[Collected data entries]

══════════════════════════════

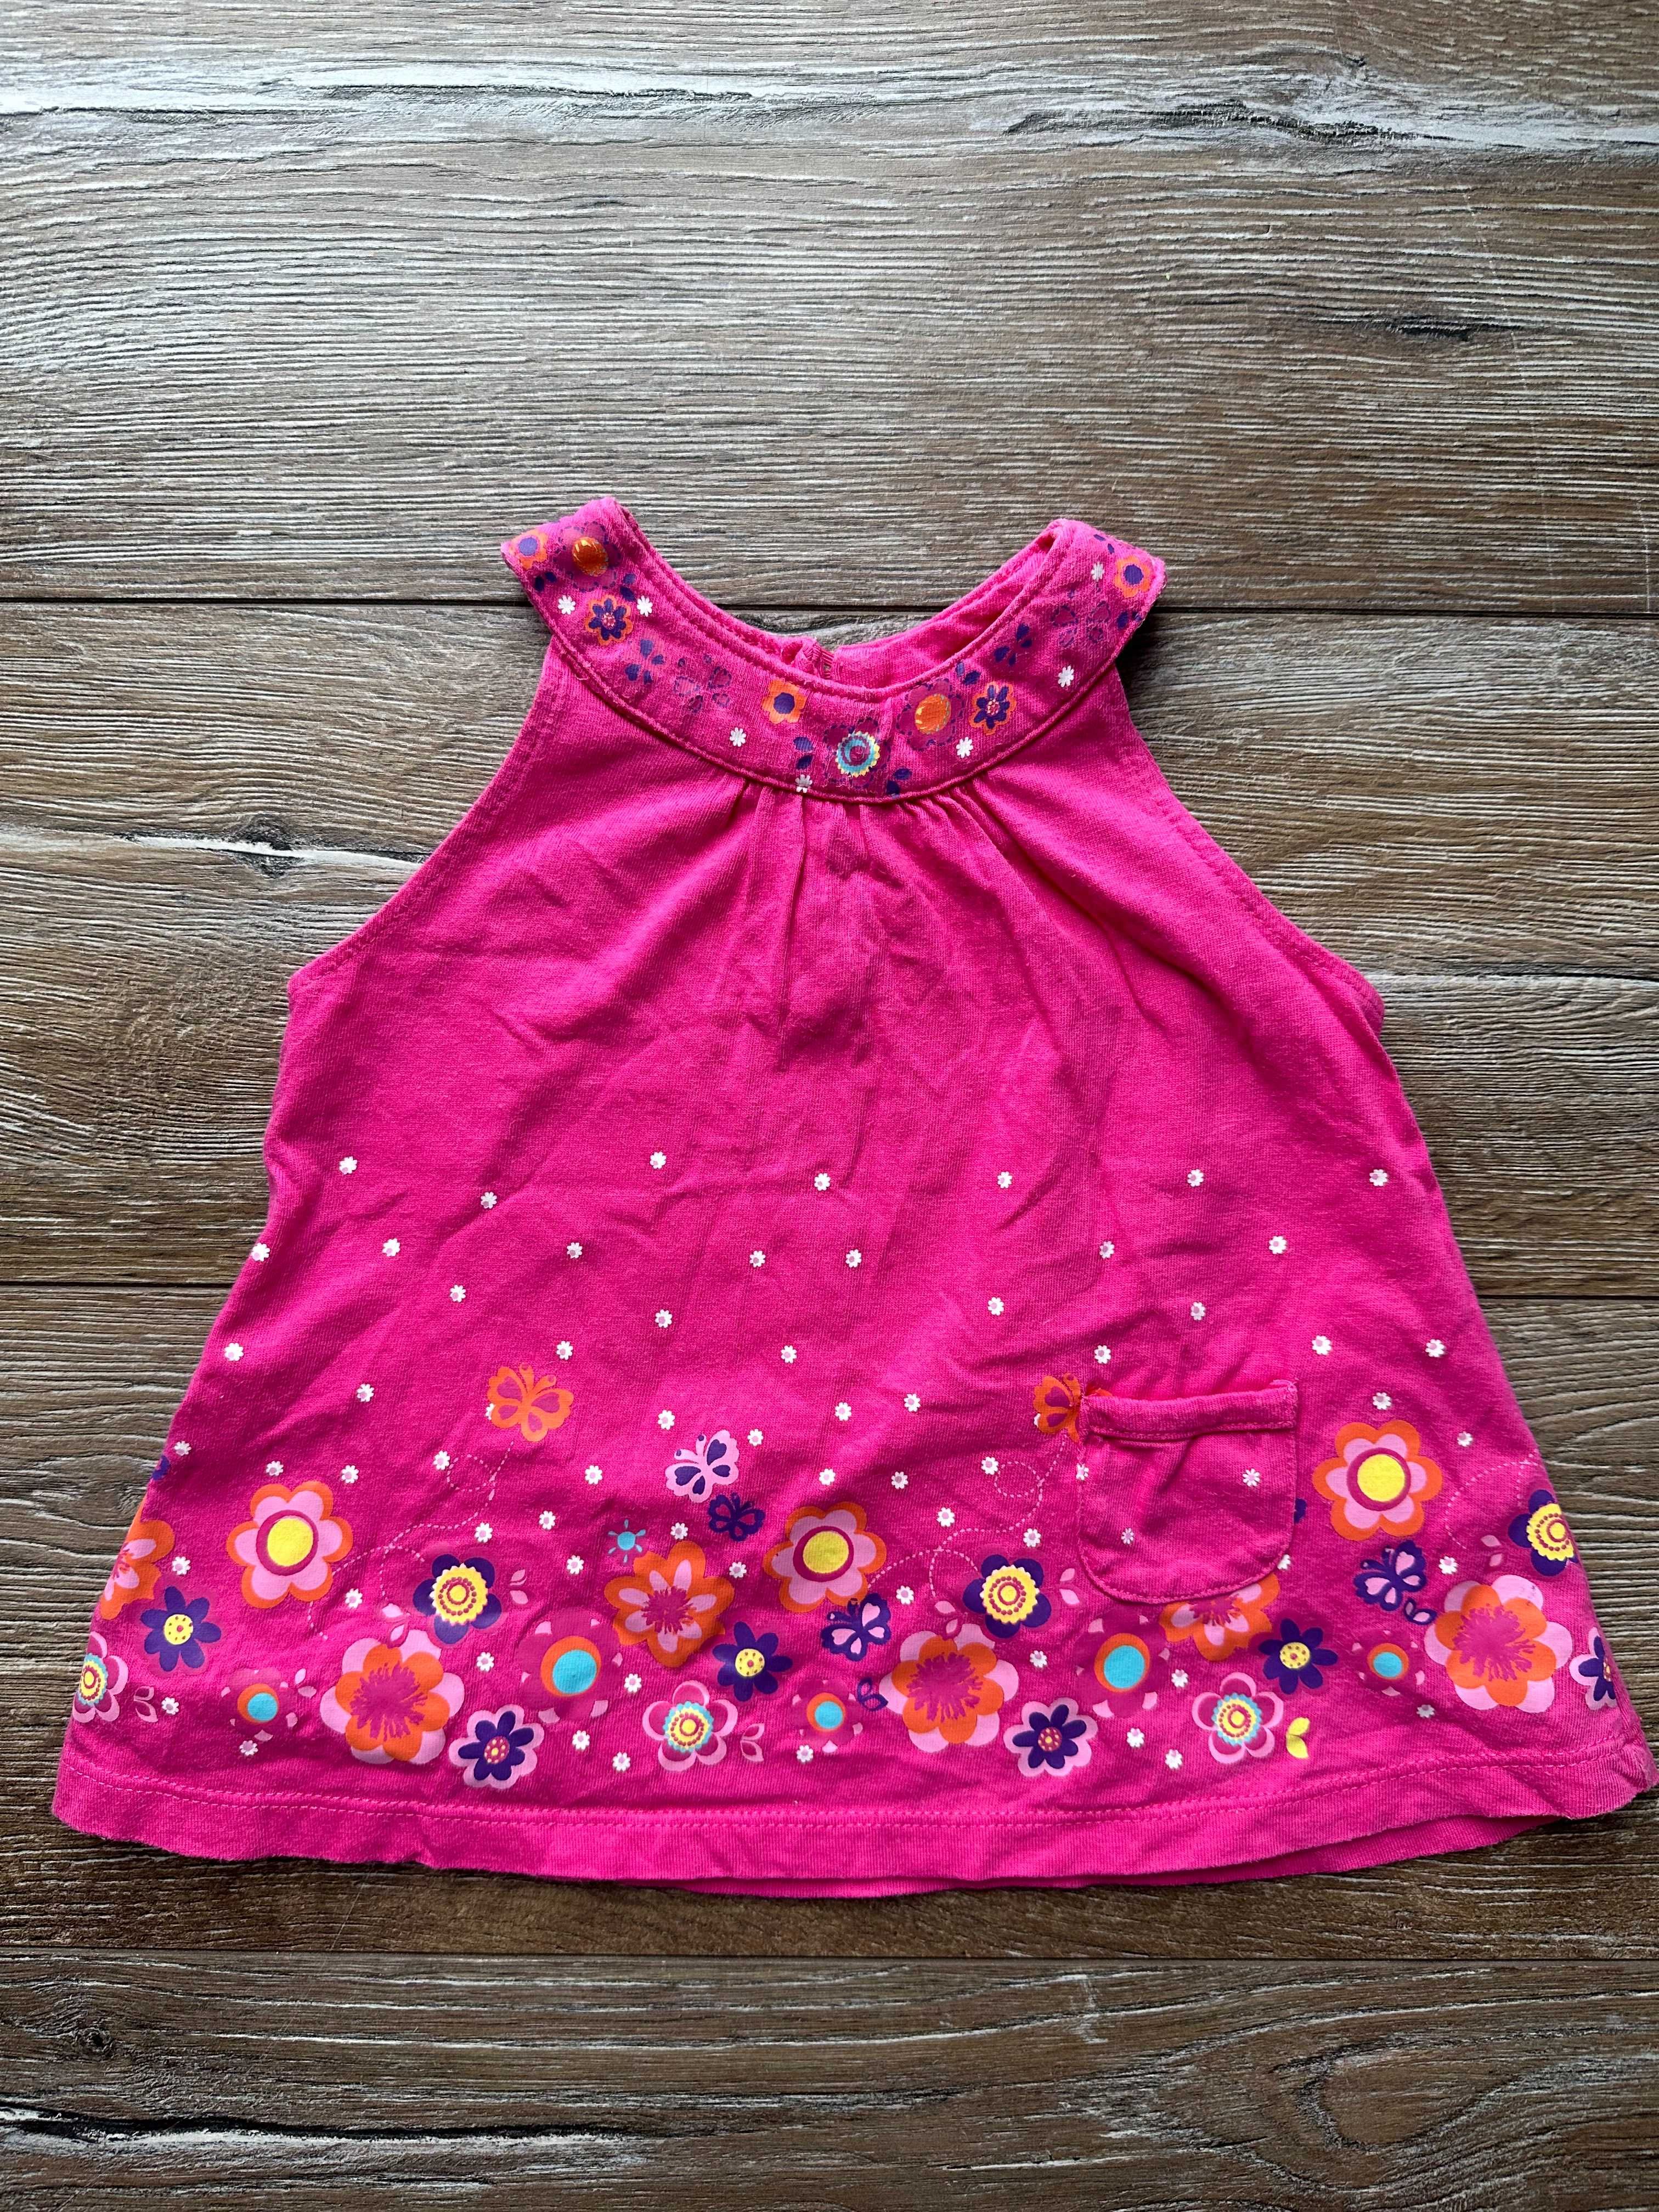 Sukienka różowa dla dziewczynki używana 62-68 cm 3-6 miesięcy Polecam
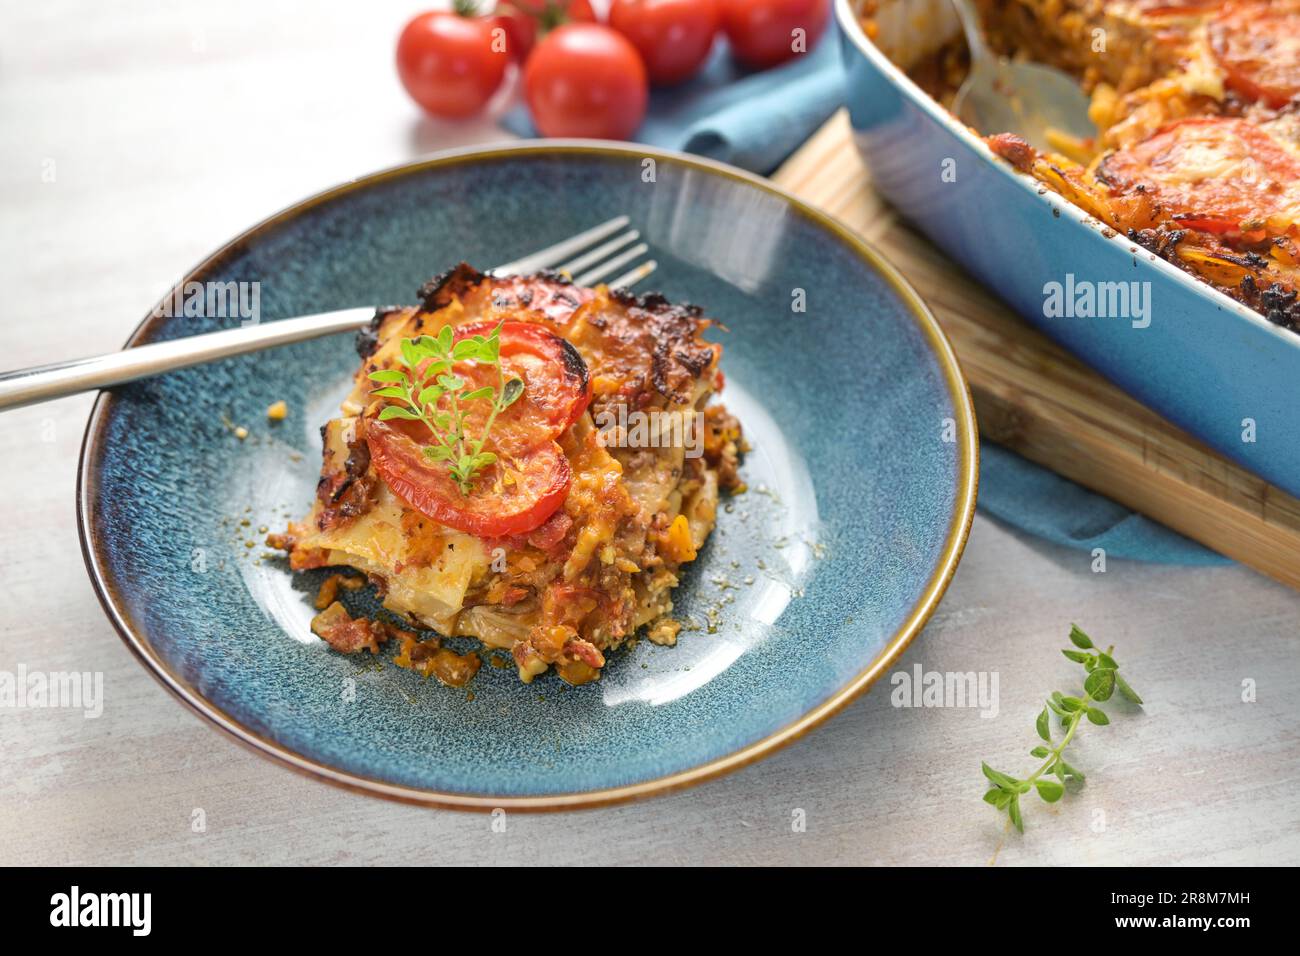 Partie de lasagne dans une assiette bleue, plat de cocotte avec couches de pâtes, sauce bolognaise, bœuf haché, légumes et tomates, recouvert de fromage fondu, c Banque D'Images
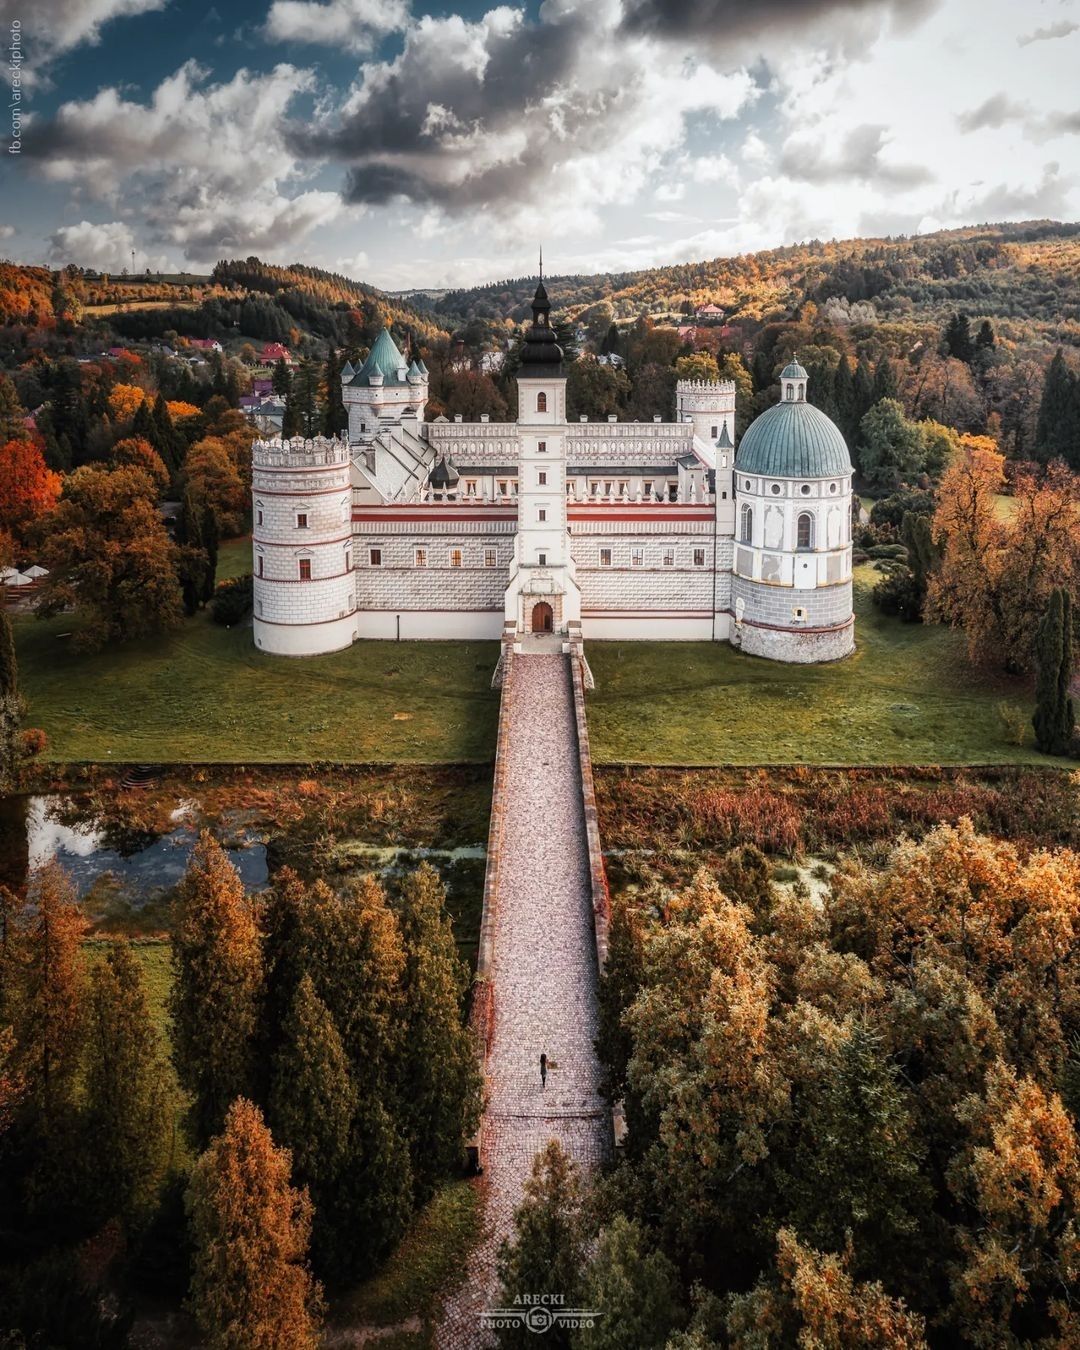 Wiecie, że w Polsce są aż 402 zamki! Macie swój ulubiony?⁠
Dziś prezentujemy Zamek w Krasiczynie, w ujęciu @areckinthesky⁠
⁠
 #zamek #castle #polskiezamki #zabytki #krasiczyn #zamekwkrasiczynie #drone #droneview #droneoftheday #jesień #fall #autumn
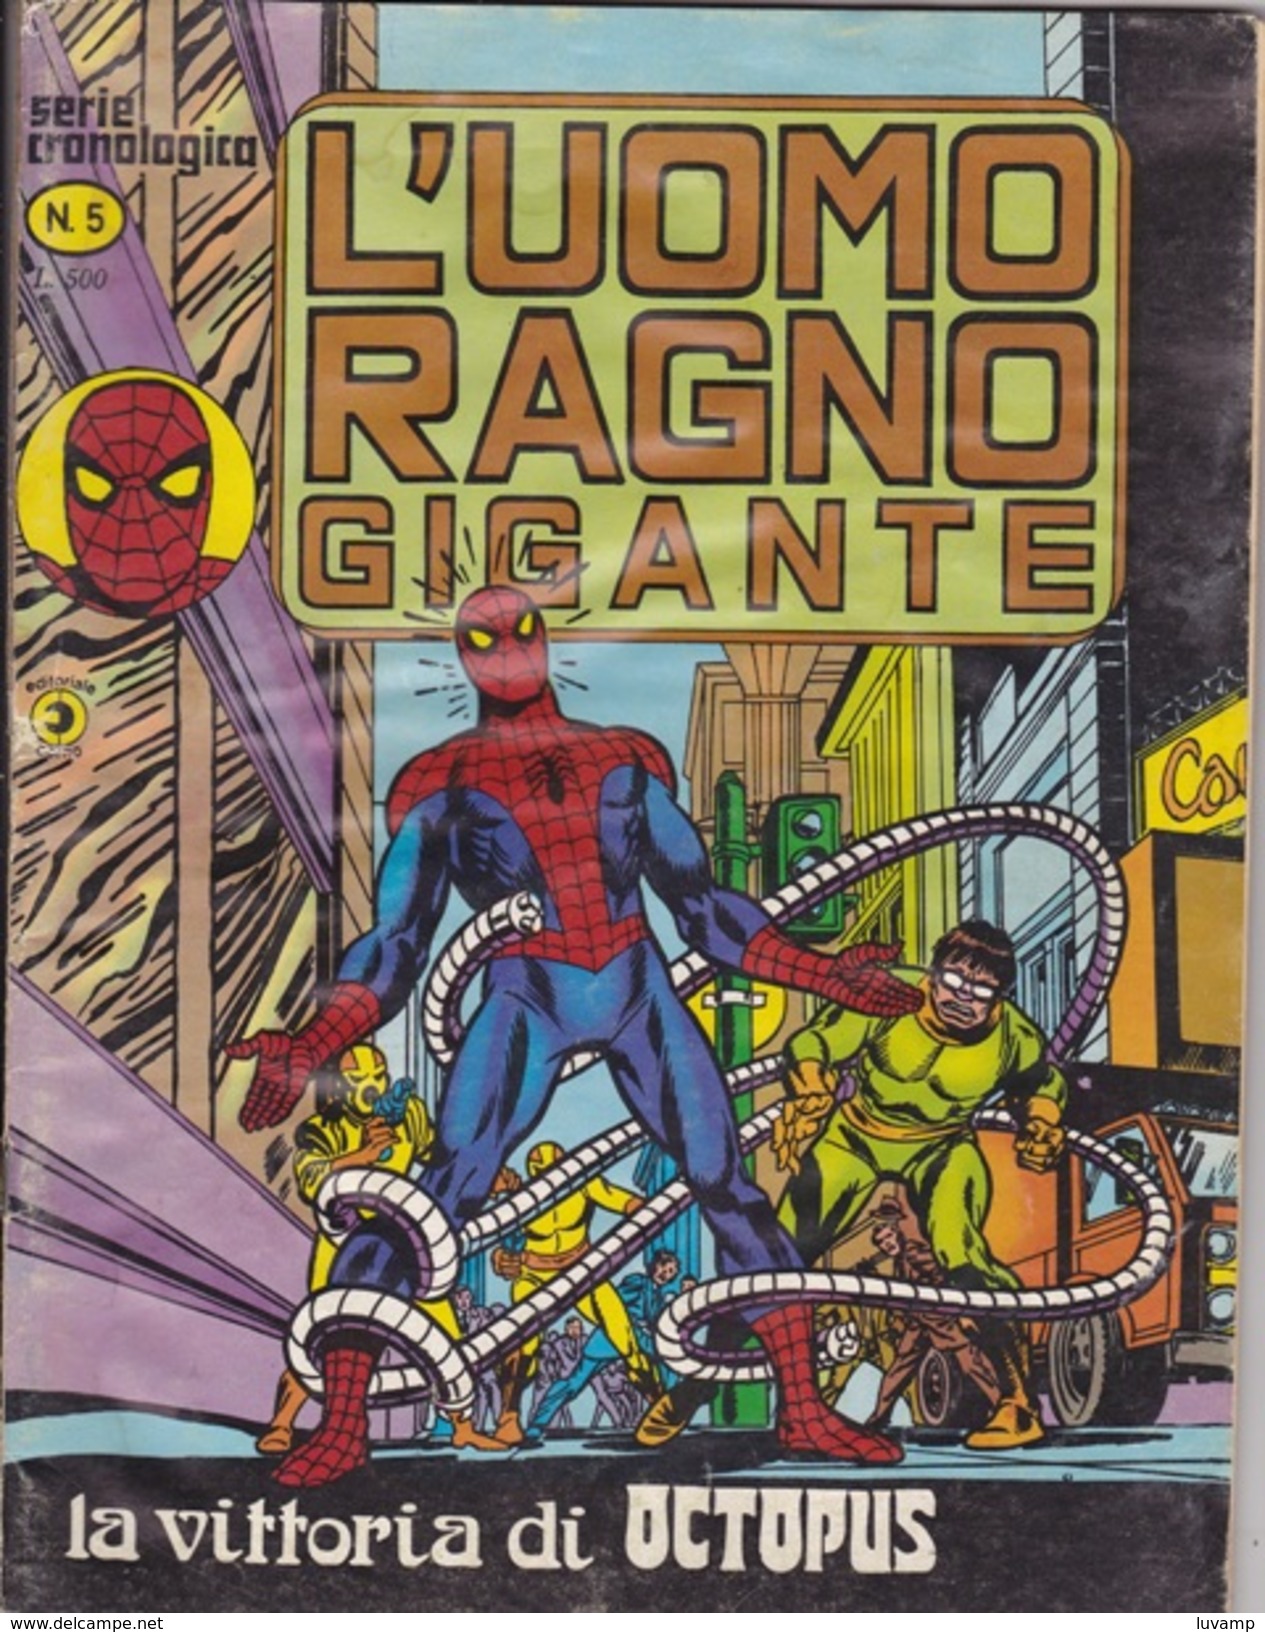 L'UOMO RAGNO GIGANTE -Serie Cronologica - Editore CORNO -N. 5 (240912) - L'uomo Ragno

══════════════════════════════

▶ **The problem**
The records above are to be restated word for word, with every picture left out.

▶ **Task response**
 Sukienka różowa dla dziewczynki używana 62-68 cm 3-6 miesięcy Polecam
 Partie de lasagne dans une assiette bleue, plat de cocotte avec couches de pâtes, sauce bolognaise, bœuf haché, légumes et tomates, recouvert de fromage fondu, c Banque D'Images
 Wiecie, że w Polsce są aż 402 zamki! Macie swój ulubiony?⁠
Dziś prezentujemy Zamek w Krasiczynie, w ujęciu @areckinthesky⁠
⁠
 #zamek #castle #polskiezamki #zabytki #krasiczyn #zamekwkrasiczynie #drone #droneview #droneoftheday #jesień #fall #autumn
 L'UOMO RAGNO GIGANTE -Serie Cronologica - Editore CORNO -N. 5 (240912) - L'uomo Ragno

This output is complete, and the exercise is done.